Ce risque s’est matérialisé avec la pandémie de Covid-19 et la fermeture de la Chine, puis d’autres pays ou grands ports : impossible de trouver des masques, de maîtriser les composants nécessaires à la fabrication d’un vaccin ou de s’approvisionner en semi-conducteurs. Mais ce n’était qu’un début. La guerre en Ukraine a fait apparaître d’autres pénuries et a entraîné des hausses de prix inattendues.

Puis la transition vers la mobilité électrique dans l’automobile a pris le relais, jouant à son tour ce rôle de révélateur. A ce jour, aucun constructeur européen n’est capable de produire une voiture sans fournisseur asiatique et le plus souvent chinois. La batterie représente 40 % de la valeur d’une voiture électrique. Or, la Chine contrôle largement les matières premières et le traitement industriel nécessaires à sa fabrication, plaçant le reste du monde dans une dangereuse dépendance.

« L’équilibre rendement-risque d’une entreprise privée peut être différent de l’équilibre rendement-risque souhaité par la société et l’Etat », souligne Alain Quinet. Mais qui s’en est soucié ces dernières années ? « Une entreprise peut être incitée, pour maximiser son rendement, à choisir une exposition au risque supérieure au niveau socialement désiré, explique-t-il, simplement parce qu’elle ne valorise pas les conséquences de long terme de cette prise de risque. » Cela pose une question essentielle : comment faire payer à l’entreprise le risque qu’elle fait courir à la société et à l’Etat ? Pour l’instant, elle est sans réponse.

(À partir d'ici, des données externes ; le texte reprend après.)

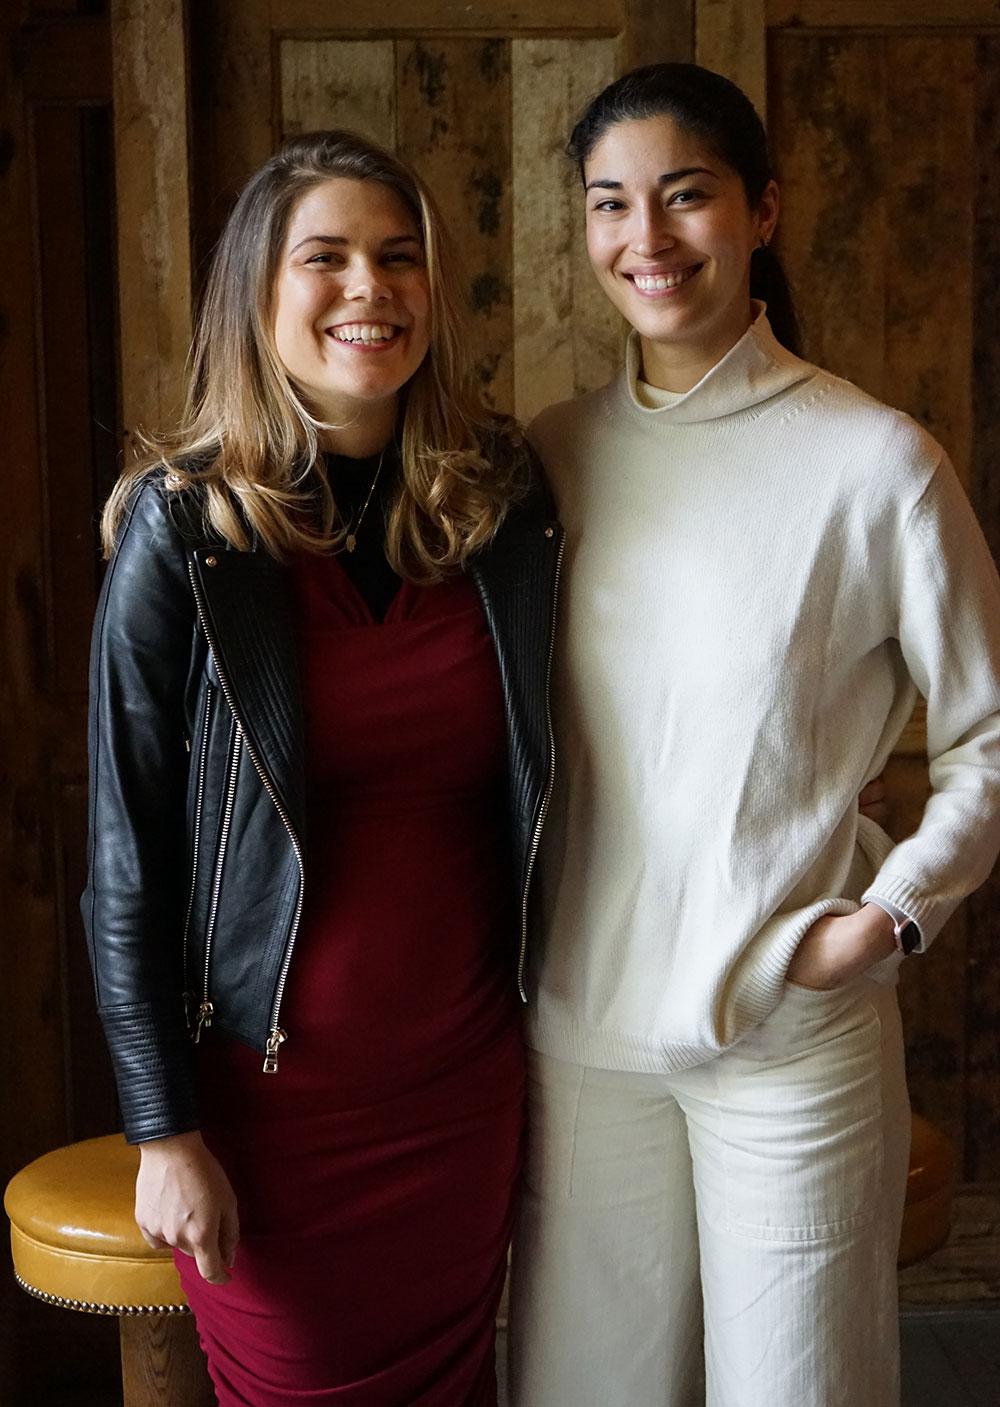 Madeleine Shaw and Caroline Issa at the Bicester Village #Brunchtalks event
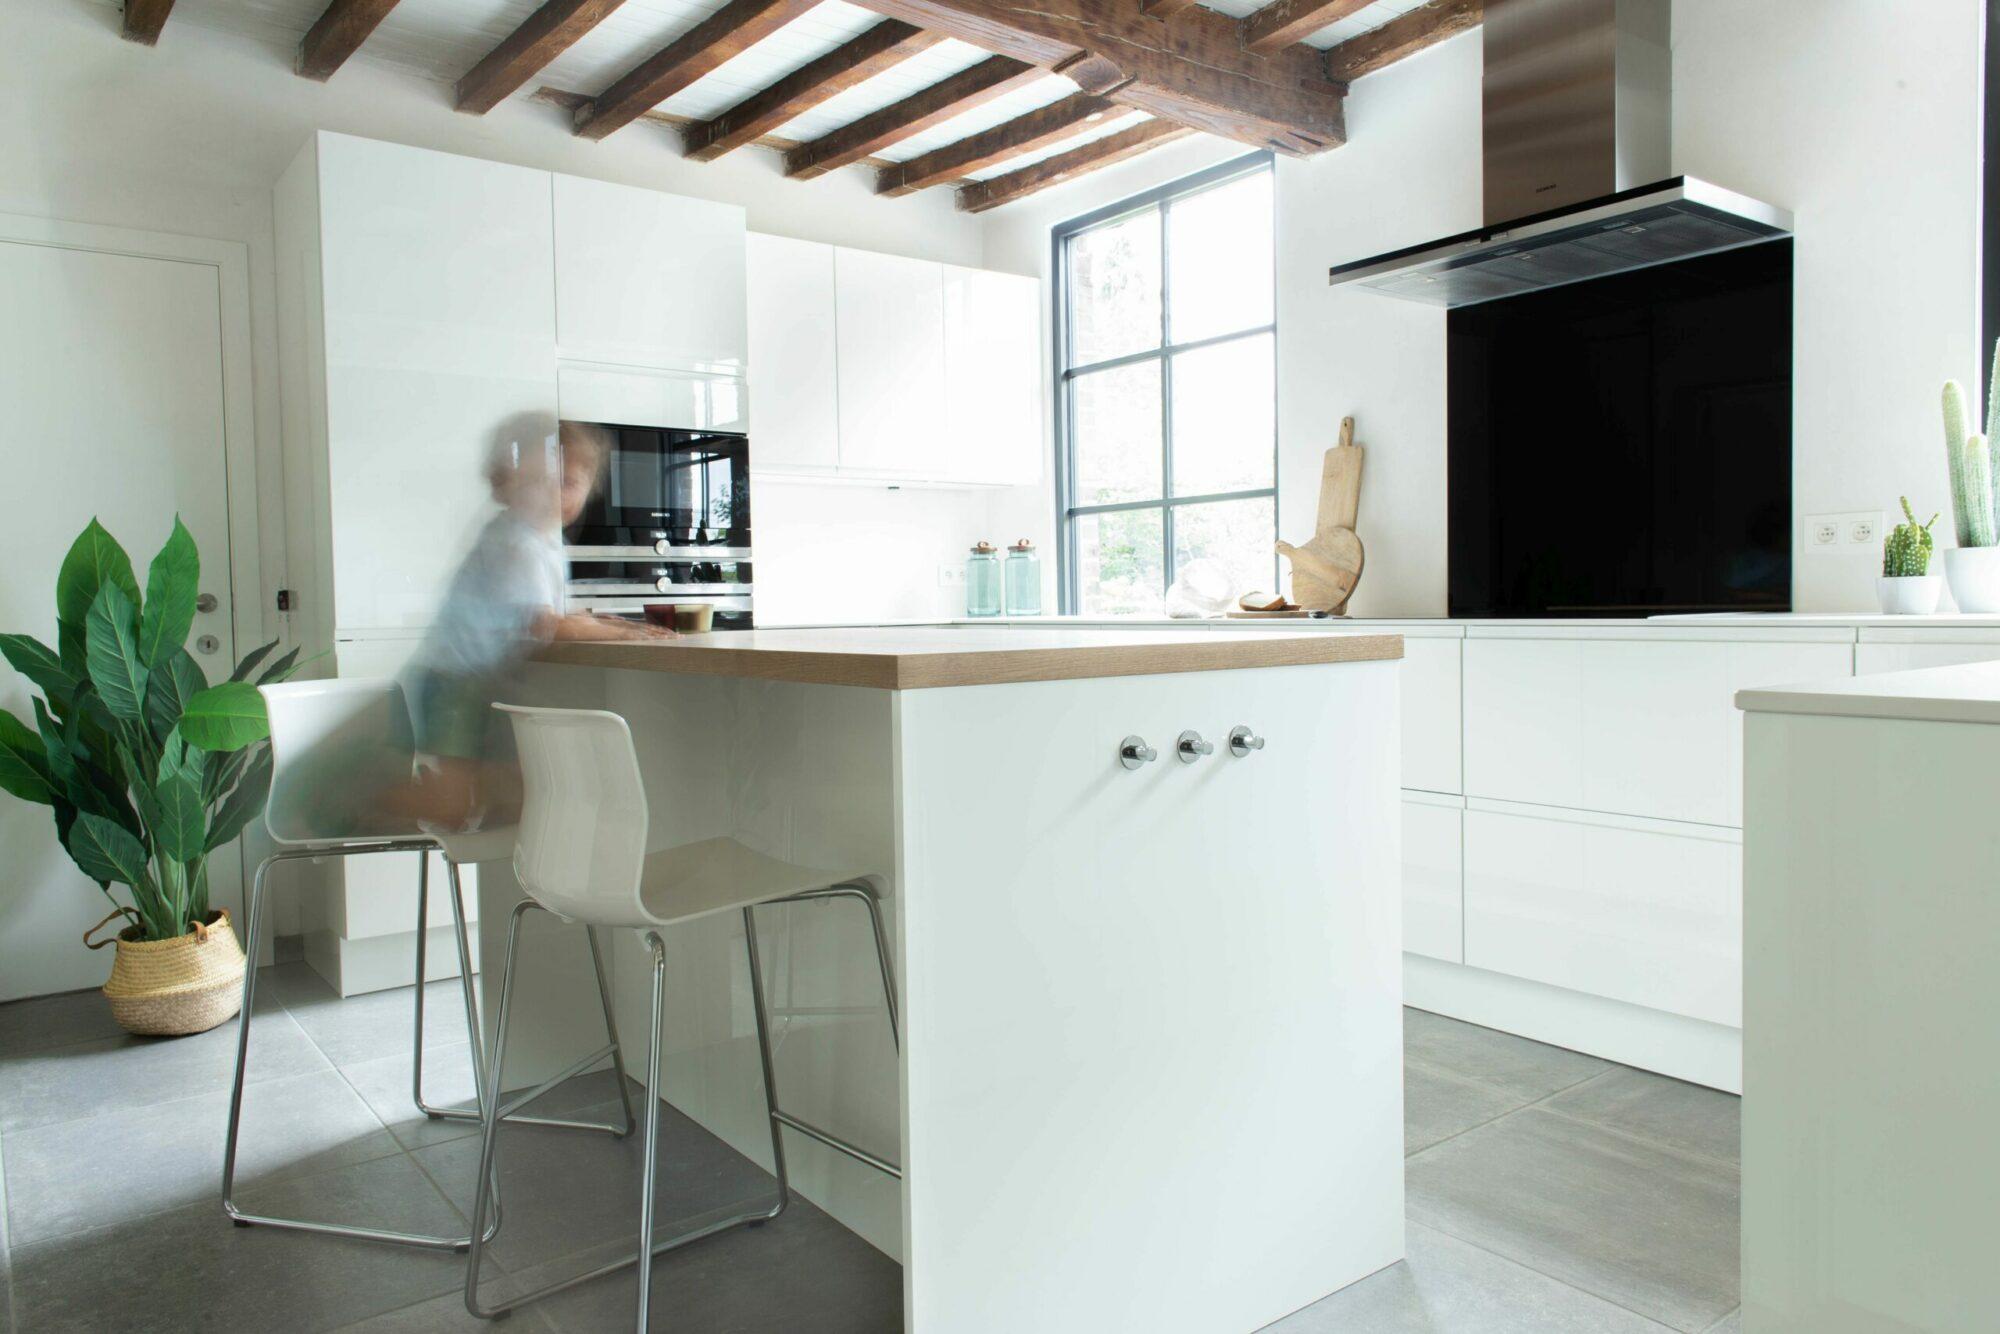 Zo creëer je meer ruimte in een kleine keuken: kleine keuken inrichten

Une récente étude menée par la société de services informatiques et de conseil Capgemini sur l’industrie automobile montre que les entreprises du secteur ont bien reçu le message. Selon ce document, au cours des deux dernières années, les constructeurs européens ont favorisé un approvisionnement local en réduisant de 25 % l’achat de composants produits sur un autre continent. Ils augmentent aussi leurs stocks pour être plus résilients et ne pas être contraints d’arrêter leurs usines à chaque pénurie ou rupture de la chaîne.

Toutefois, ce mouvement n’est pas sans soulever de nouvelles difficultés. La première, selon Capgemini, c’est qu’ils font payer le coût à leurs sous-traitants. La deuxième est inquiétante à plus long terme. Ces fournisseurs, pour ne pas trop dégrader leur rentabilité, diffèrent parfois les efforts nécessaires pour décarboner leur processus de production ou augmenter la part des matériaux recyclés dans leur processus de fabrication. « Un constructeur sur trois [sur le plan mondial] n’a pas de stratégie globale en matière de développement durable », tacle l’étude. Après la souveraineté économique, il serait encore plus que dangereux de sacrifier le climat.